I always found the Swamp Spider House a little annoying, though it’s not really bad. The player must rely on a lot of odd little things to get through, including certain songs, bottled bugs, and things like that, so I think it was a little more haphazardly designed and demanding of resources than it needed to be; its design didn’t really feel smooth. This didn’t ruin its value to the game as an optional dungeon, and it was still fun in that role. However, the Oceanside Spider House was much cooler.

While the Swamp Spider House definitely looked distinct on the inside — like a bright Aztec shrine — the Oceanside Spider House’s design is much more my thing. Looking completely normal on the outside, it almost immediately descends into a dark cellar, and its dark innards resemble a haunted house far more than any other dungeon of the series does. It has an excellent atmosphere, and probably has the single best use of the game’s generic cave music; it feels meant for the Oceanside Spider House. I love this area and I enjoy it every time I play the game. I feel its design was way smoother than that of its predecessor, as well.

And finally, we cap off this enormous list of maybe, maybe not mini-dungeons with the game’s final one, and indeed the final dungeon of the game entirely: The Moon.

I’m sure everyone’s familiar with the surreal plain in which you encounter the infamous “Moon Children”. Wearing the masks of the dungeon bosses found throughout the game, these children take you into isolated mini-dungeons themed after the bosses and their respective areas at the price of masks. If you have all of the masks and can complete all of these mini-dungeons, you can collect the Fierce Deity Mask just before facing the final boss by speaking to the child wearing Majora’s Mask.

The symbolism of this part of the game is debated — I personally think it’s a spiritual moment representative of the Skill Kid and his regrets regarding his friendships — but I also want to talk about the design here.

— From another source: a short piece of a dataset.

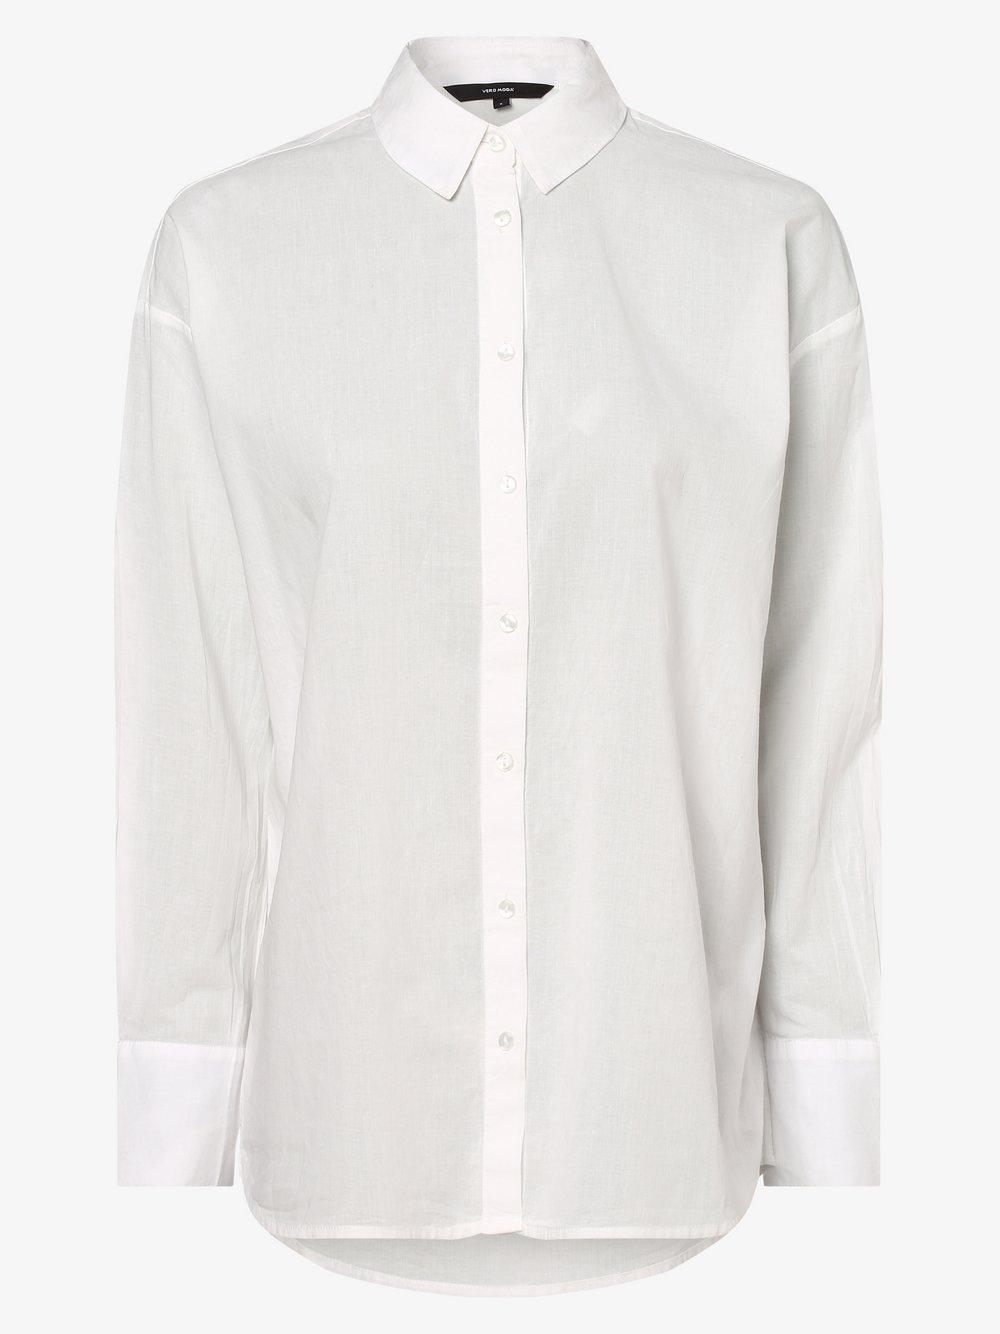 Vero Moda – Bluzka damska – Vmindia, biały Van Graaf 466376-0001

As a final area, it’s barely there at all. Really, Stone Tower Temple was the game’s final dungeon; the Moon is almost entirely skippable, allowing you to merely fight Majora’s Mask and finish the game immediately. Its only purpose as an actual dungeon is as an optional one where you can acquire the Fierce Deity Mask. The individual little mini-dungeons, while cool and a little distinct, are mostly short and cheap gauntlets designs as brief challenges. The Odolwa dungeon is overly simplistic, having you simply navigate across some moving platforms with Deku Flowers in a gauntlet that is much easier than that from the Deku Palace near the beginning of the game. The Goht section is needlessly frustrating, requiring absurdly accurate use of the Goron’s rolling; you pretty much have to master it. The Zora one is a guessing and memory game as you try to navigate down branching paths in the water to find your way to your goal. And the Twinmold one is a simple mini-boss gauntlet. All of them are charming (except for the Goht one… I hate that one), but none of them impress. They’re just filler for some side content. I would never say they shouldn’t be in the game, but they’re not particularly deserving of any praise. The best part of them for me is the creepy sort-of playrooms that you find the children in at the end of each of these mini-dungeons.

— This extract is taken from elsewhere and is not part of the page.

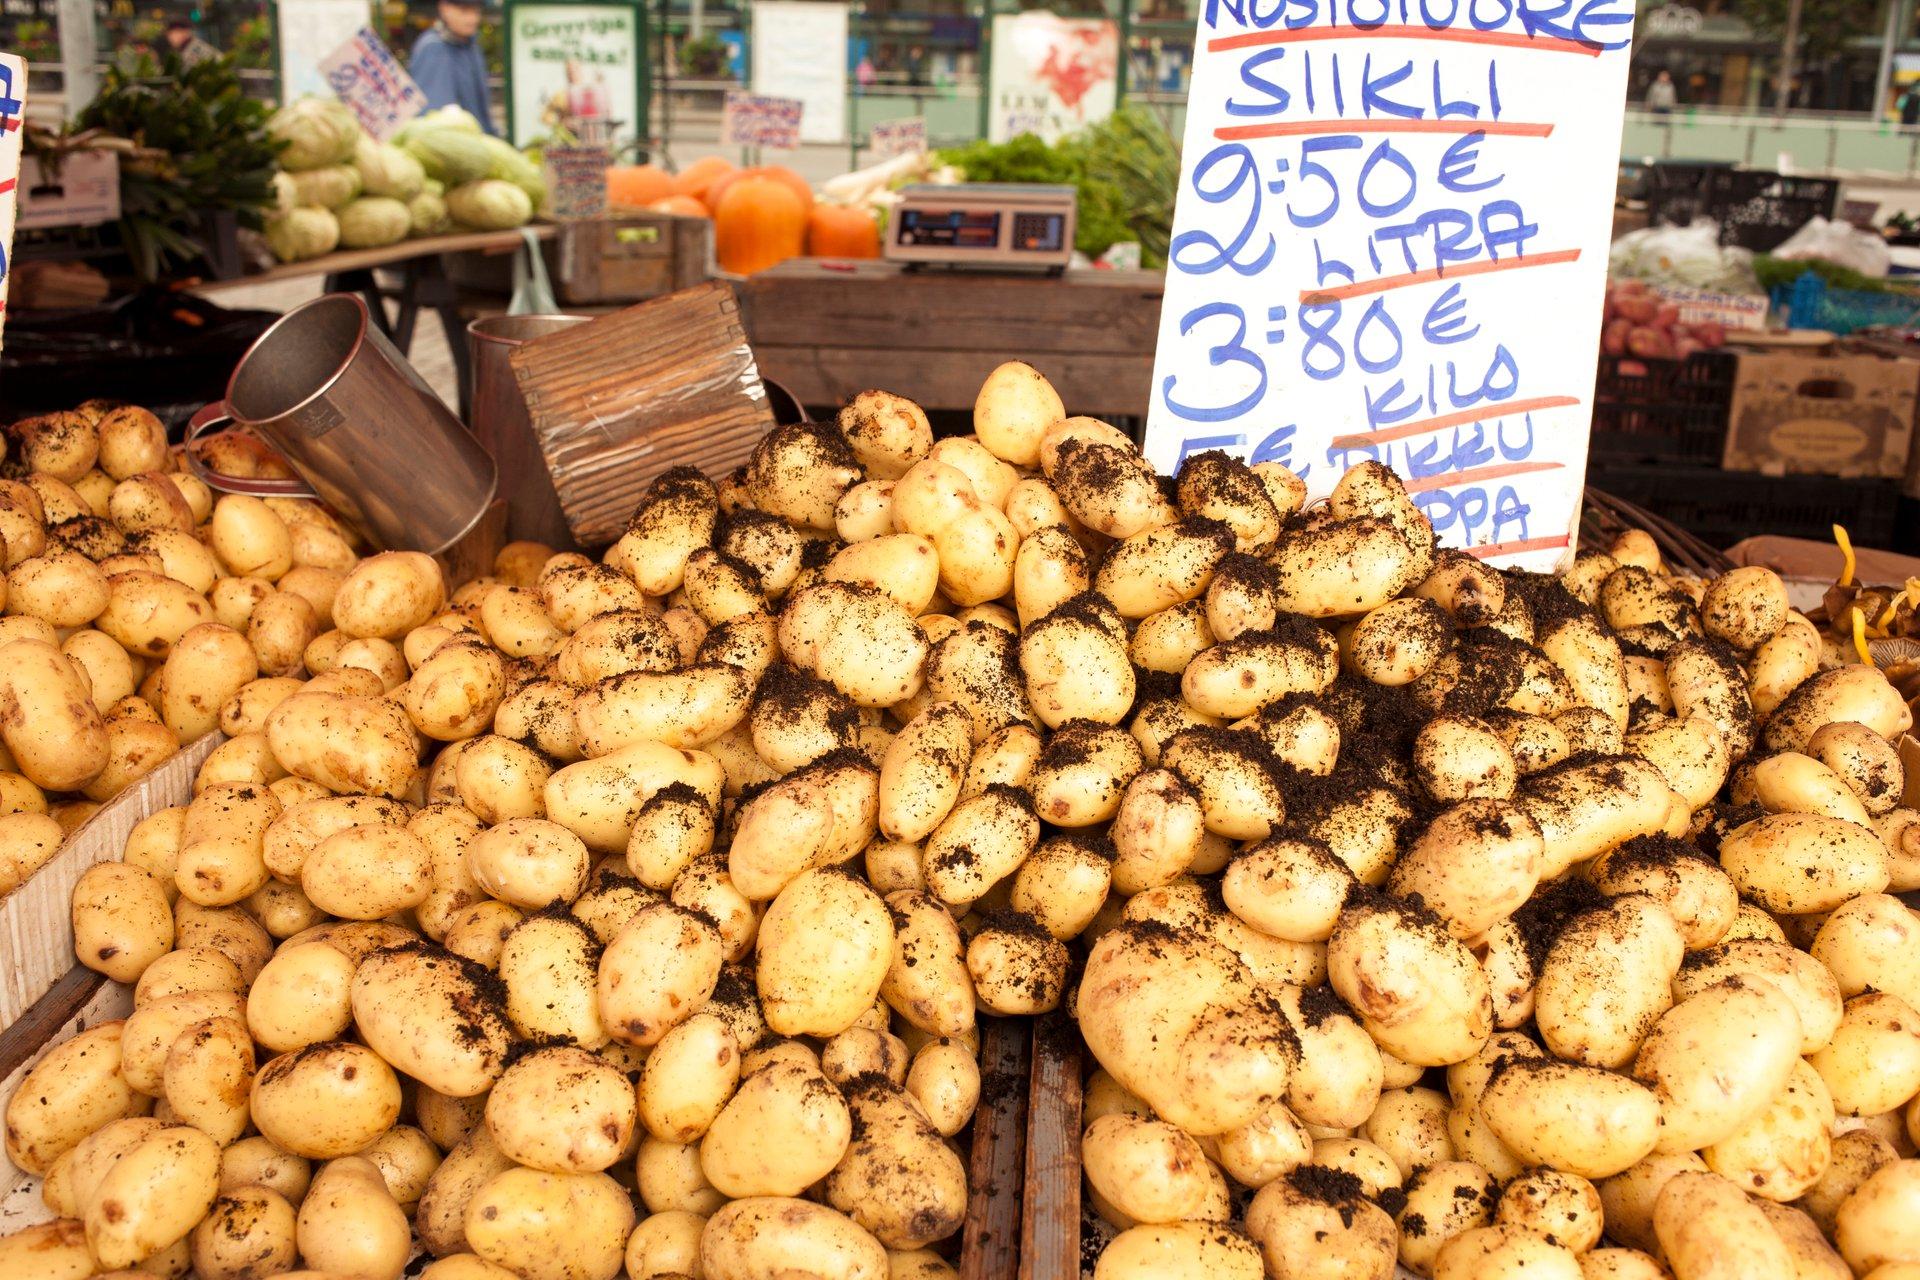 New Potato Obsession in Finland - Best Season 2019

The final boss, on the other hand, is amazing. One of the best final battles against one of the coolest enemies of the series. Majora’s three forms have distinct feels not only in terms of gameplay, but in tone as well, and together they make for a very memorable finale. The fights can be resolved multiple ways, the lamest of which being with the Fierce Deity Mask, which turns them into a cakewalk. This final boss is memorable to me as the first challenging boss I cleared in any video game without any help or guides… despite using guides throughout most of the rest of Majora’s Mask. Conquering such a hard boss for the first time on my own was highly rewarding and memorable for me, and I would strongly discourage fighting him with the Fierce Deity Mask your first time against him. Even on my latest playthrough, Majora managed to be a challenge for me and was a lot of fun. An excellent way to end off the game.

All in all, Majora’s Mask’s dungeon-like areas — whether they truly qualify as dungeons or not — are as numerous as they are fun. The majority of them are compelling, with only one complete flop. Some of them are not terribly impressive, like the Moon or the Swamp Spider House, but they’re still appropriate and serve their worthy roles in the game adequately enough. I hate Beneath the Well, but I enjoyed all the rest and I loved the Ancient Castle of Ikana and the Oceanside Spider House.

And that brings my Majora’s Mask Dungeons series to a close. Be sure to tell me your thoughts on these many mini-dungeons, as well as whether or not you count them as mini-dungeons! Look forward to next week, when I start the next game in the Axle’s Dungeon Reflections series: Twilight Princess!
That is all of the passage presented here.